One of his Privates had accidentally stepped on a mine and had blown up three other men. The Private had been only eighteen, and one wrong step had killed four soldiers—four good men whose families would mourn. The blast had fractured a nearby tree, which almost crushed him and several others. It had been his first encounter with death up close, and it had not been his last.

Hell, before Steve became all buff and large, a German blockade in a small town had surrounded Bucky's squad. The brass had sorely underestimated the numbers of the Germans, which cost countless lives. Only himself and five other men from the thirty who laid siege to the village survived. As the only remaining officer in the group, the role of leader fell to him. By some miracle, he managed to lead himself and the rest of the men out of the village, but he suffered a bullet in the shoulder and a shrapnel ricochet in the leg for his troubles. He could have died there—he should have died there. The odds were not in their fair, and the Germans had every opportunity to slaughter them.

But they didn't. They survived. And although it had broken something inside of him at the sight of most of his allies—and several of his friends—lying dead on the streets, bleeding on the ground or torn to shreds from shrapnel and mortars, he had pulled through and got the rest of the men out of there alive.

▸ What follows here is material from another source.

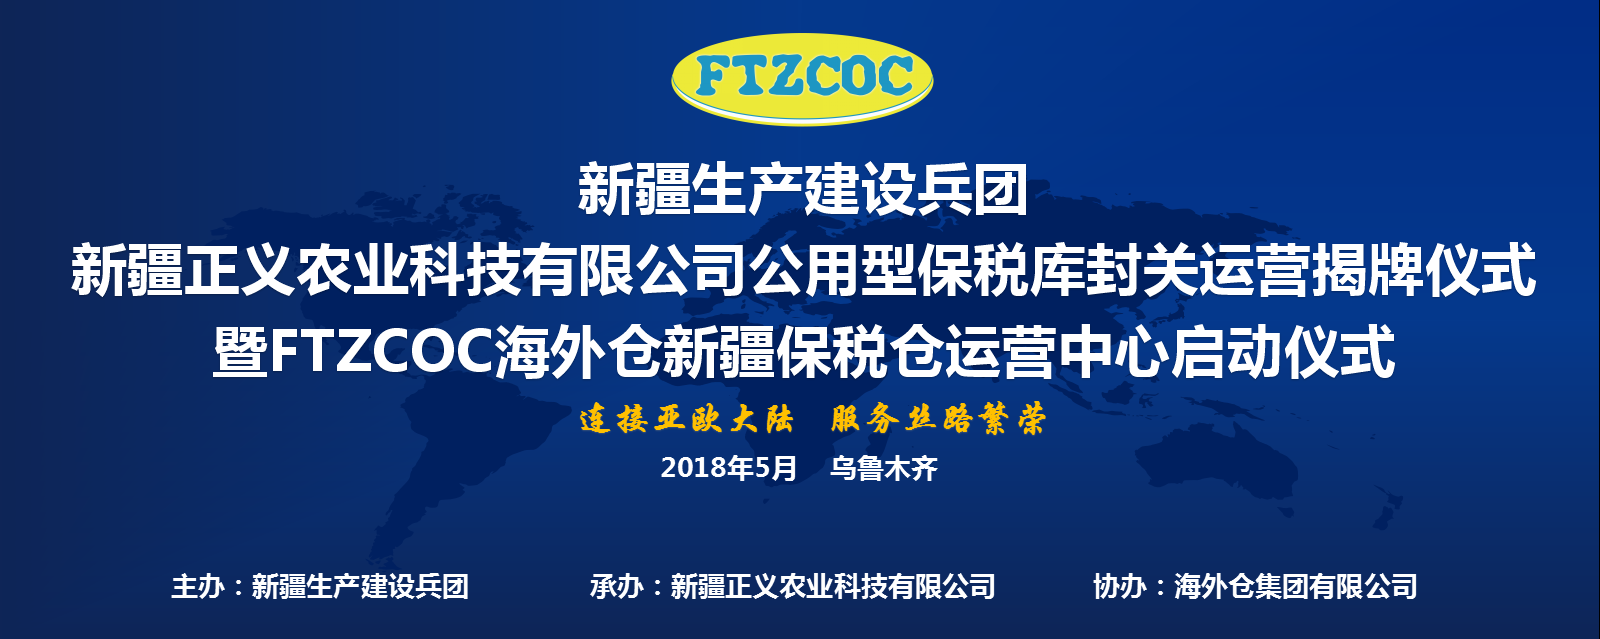 打造FTZCOC新疆保税仓 服务“一带一路”中国-中亚进出口贸易通道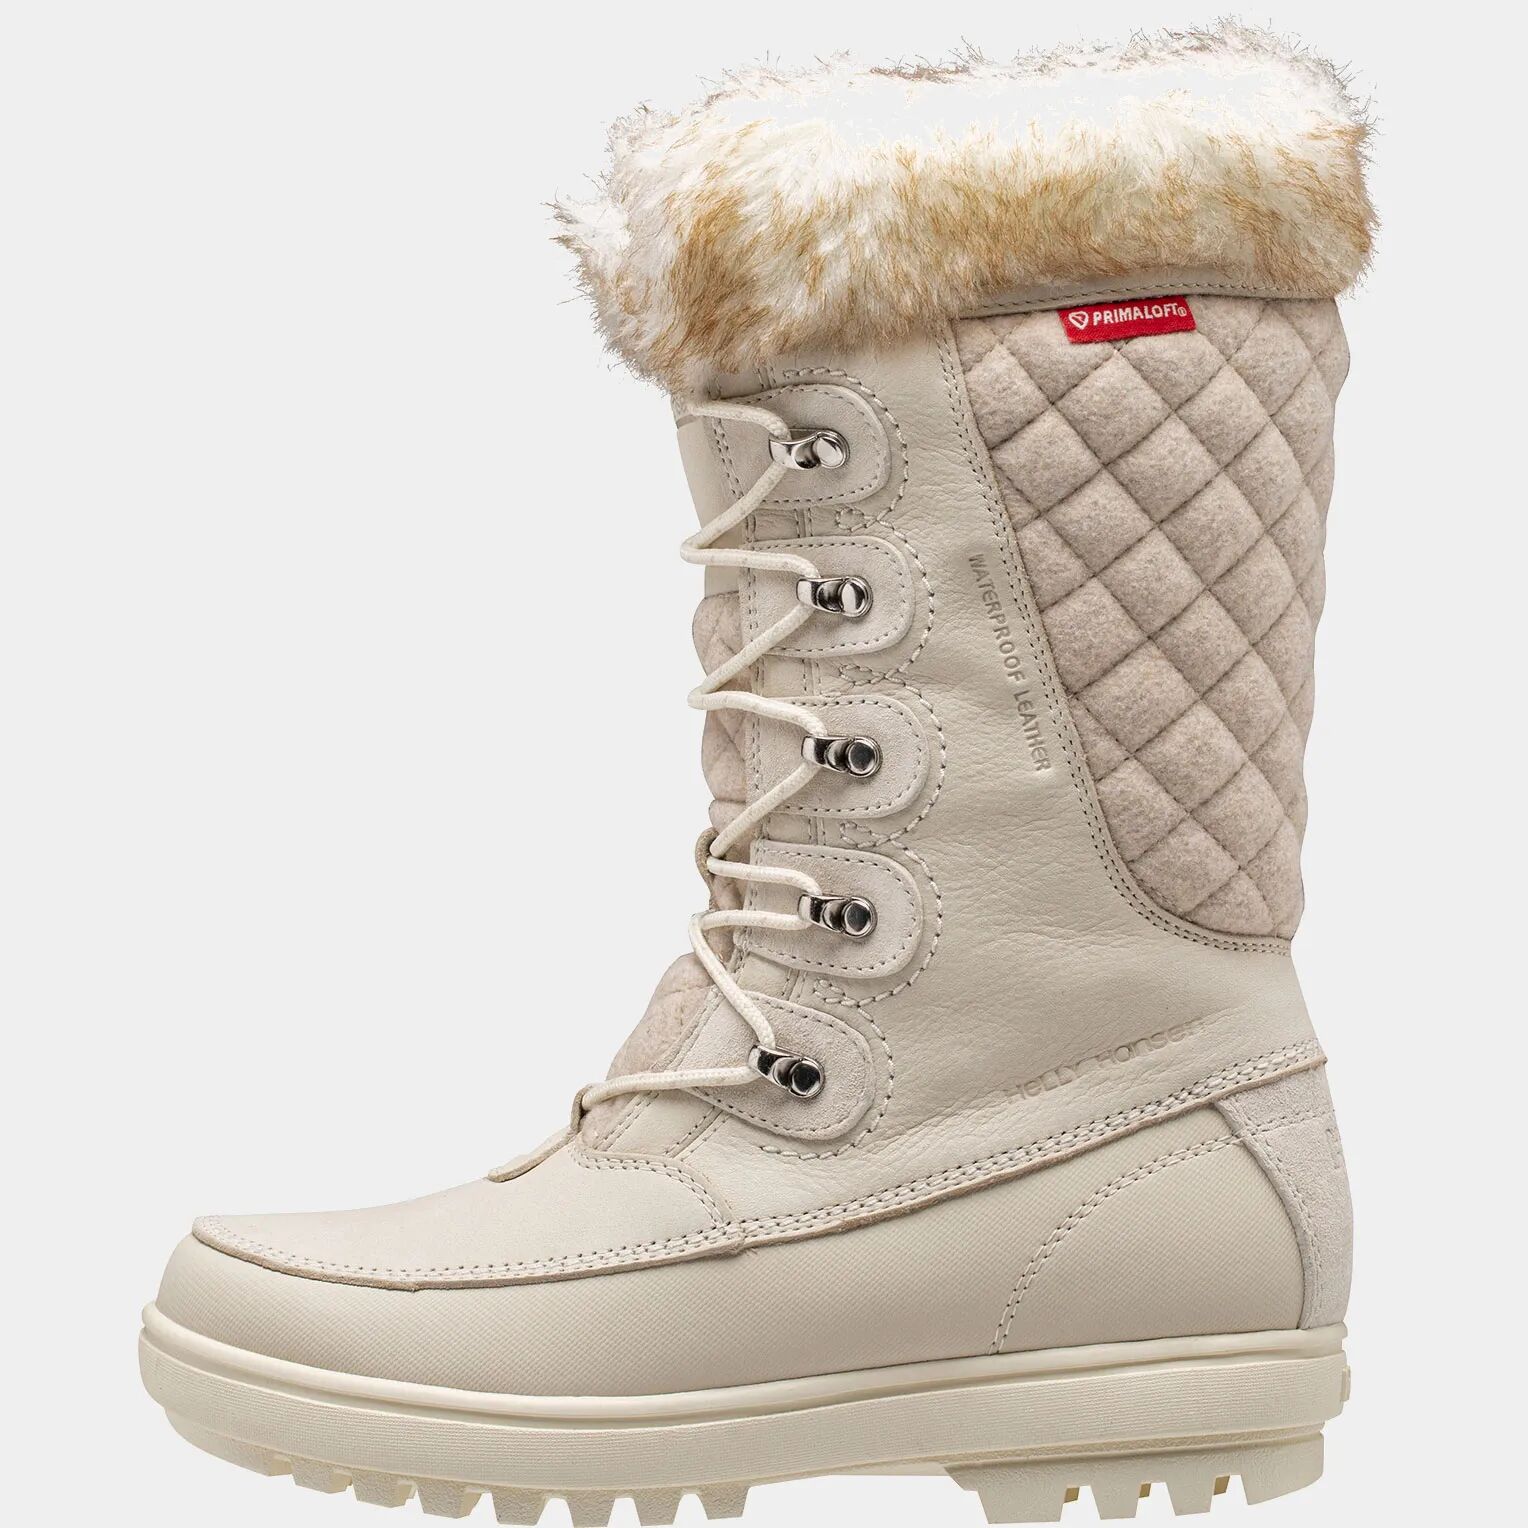 Helly Hansen Women's Garibaldi VL Snow Boots Beige 4 - Cream Sno Beige - Female

The wounds from the battle had hurt, but, now, he couldn't even see the scars anymore. Where there used to be evidence of puckered skin now felt smooth to the touch. His leg hair had even grown back over the jagged line on his shin, further obscuring the once-sore patches of scars.

Funnily enough, the bullet he took for Suzie at Hydra's fancy watermill base showed no signs of scarring. The pinpricks of track marks and angry, purple bruises from the thousand and one needles jabbed into his skin at the whim of Zola's psychotic mind had long since faded. The fire burning in his veins had cooled to a dull ache and surprisingly showed no signs of ever being detrimental to his health.